A Senator Raises Privacy Questions About Cross-Device Tracking

A lawmaker has asked the Federal Trade Commission to investigate online ad companies that track consumers across devices, like showing them ads on their phones based on Web sites they visit on a computer.

The letter, sent on Thursday by Senator Edward J. Markey, Democrat of Massachusetts, to Edith Ramirez, the commission's chairwoman, cited a New York Times article that ran on Sunday detailing the new ways that mobile advertisers are tracking consumers, including across devices.

“Such tracking envelops users in a digital environment where marketers know their preferences and personal information no matter which device they use while consumers are kept largely in the dark,” Mr.
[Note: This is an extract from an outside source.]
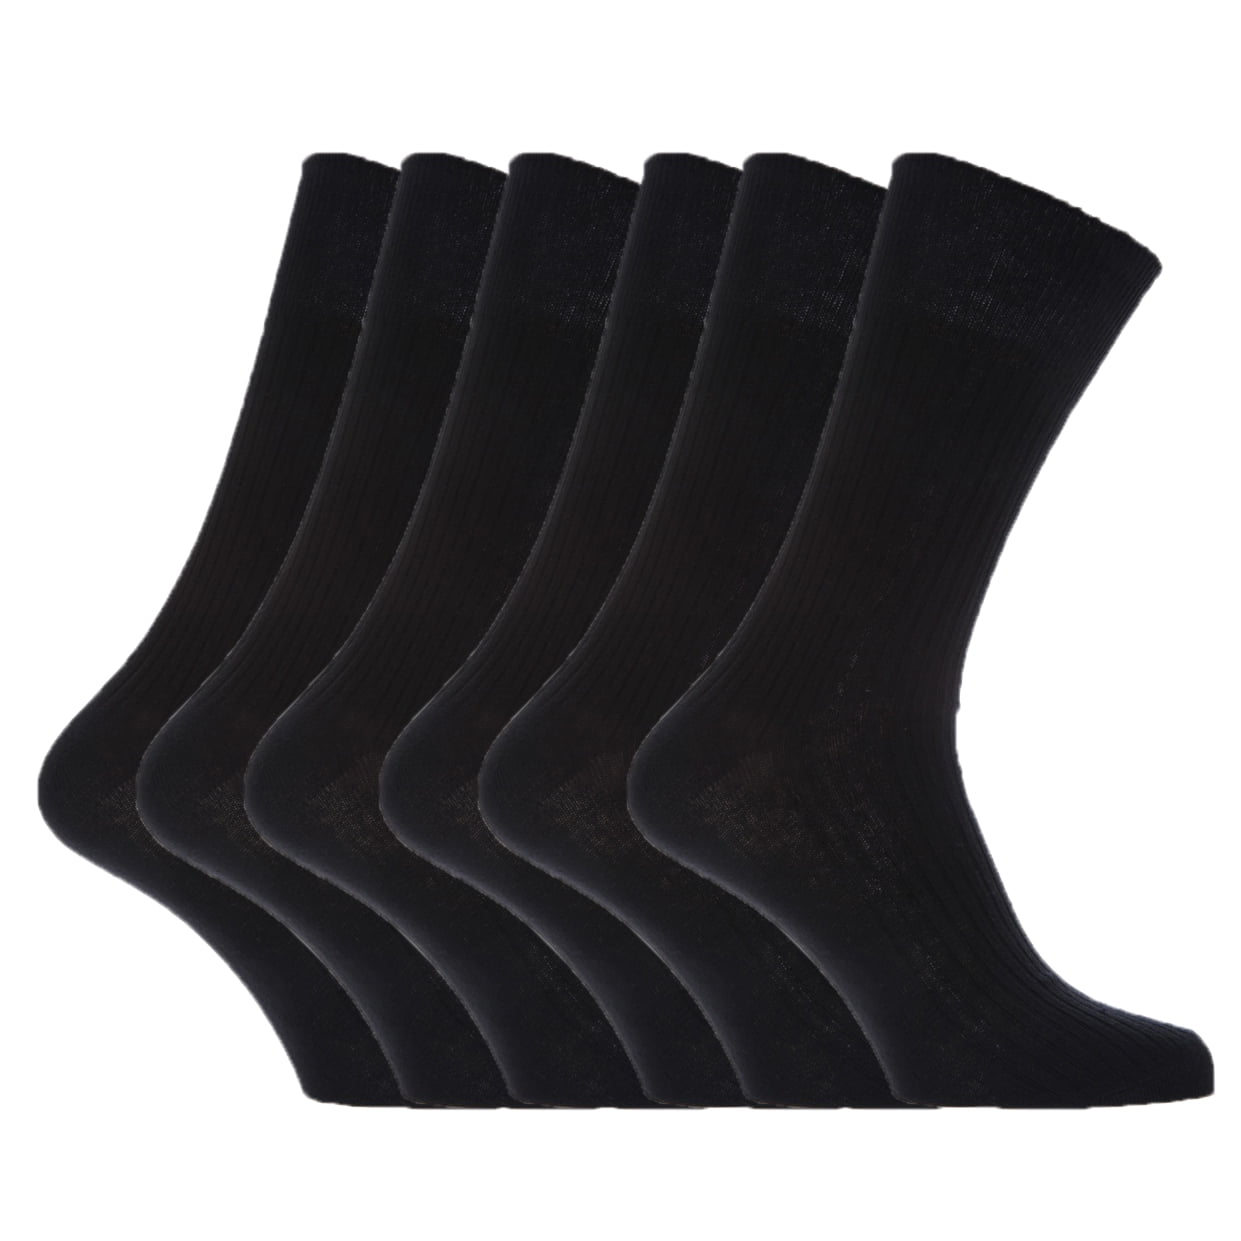 Seamless Toe Grandeur Hosiery Mens Diabetic Crew Cotton Socks 3-Pair Big and Tall Available Non-Binding Loose Top

Markey wrote.

One of the new challenges for advertisers is that apps on mobile phones do not use cookies, the predominant method for tracking people across Web sites. It has generally been impossible for advertisers to show someone a mobile ad based on searches they did on a different device, for instance, or to know whether a mobile ad resulted in a purchase on another device.
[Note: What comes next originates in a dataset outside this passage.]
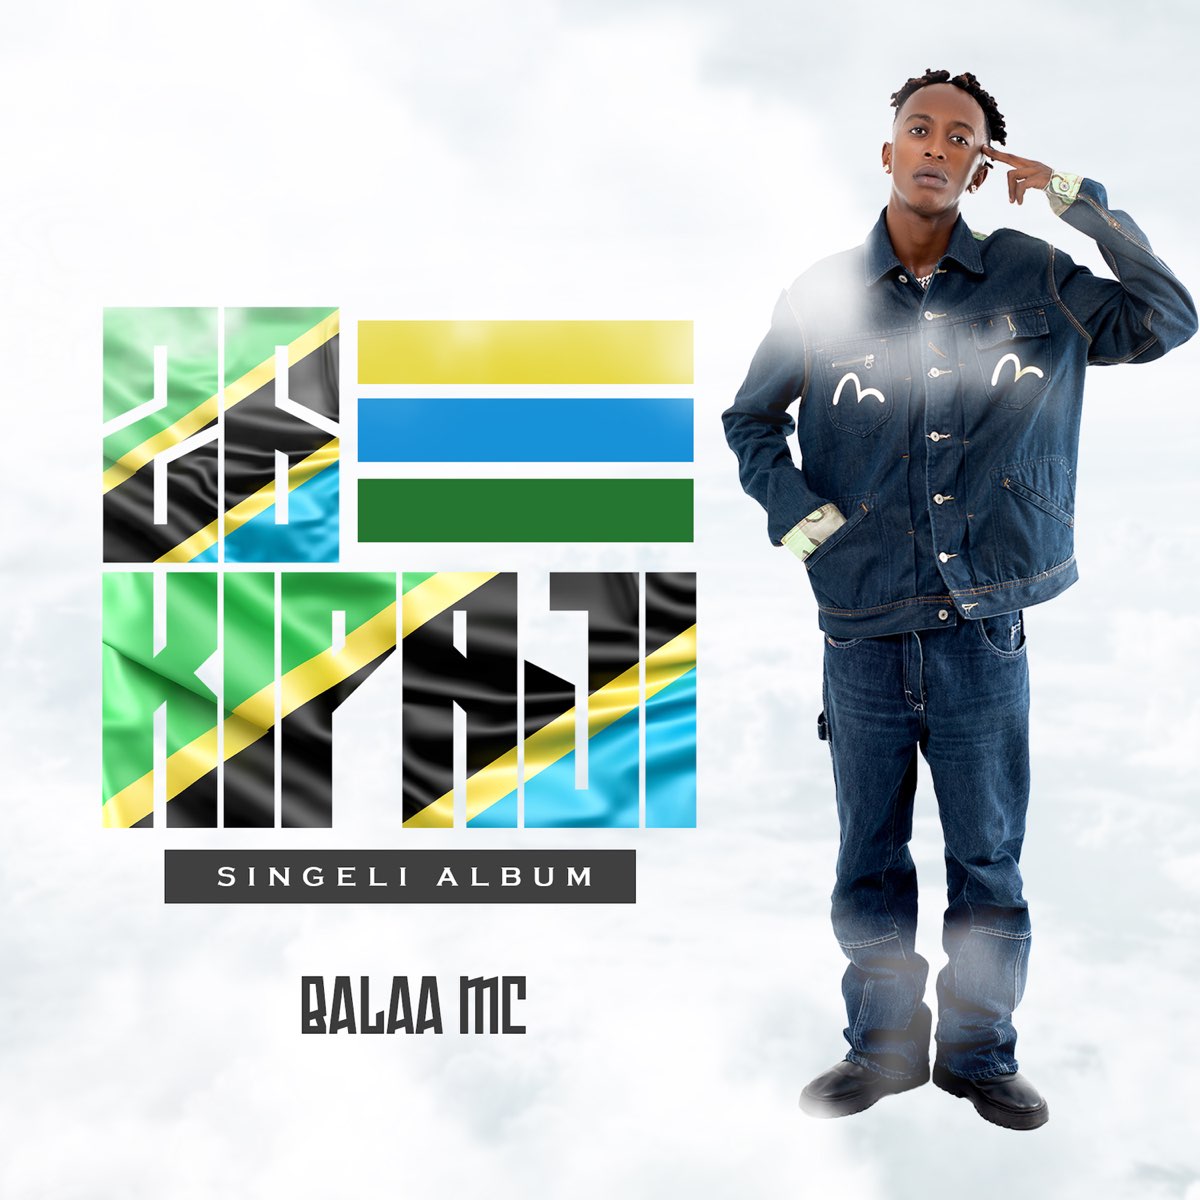 ‎26kipaji Singeli Album By Balaa Mc On Apple Music

Various companies are figuring out ways to connect people's behavior across devices and show them ads accordingly. One of the companies featured in the article, Drawbridge, applies statistical modeling to data from ad exchanges and Web publishers to determine that several devices belong to the same person.

A Drawbridge spokesman did not immediately respond to a request for comment.

Other companies, like Google, Facebook and Amazon, have other ways to track people's behavior across devices, like when they are logged in to their accounts with those services.

“Previous tracking technologies such as cookies are giving way to more sophisticated, surreptitious methods for monitoring users,” Mr. Markey wrote. “The implications of this evolution are enormous for the privacy of millions of Americans.”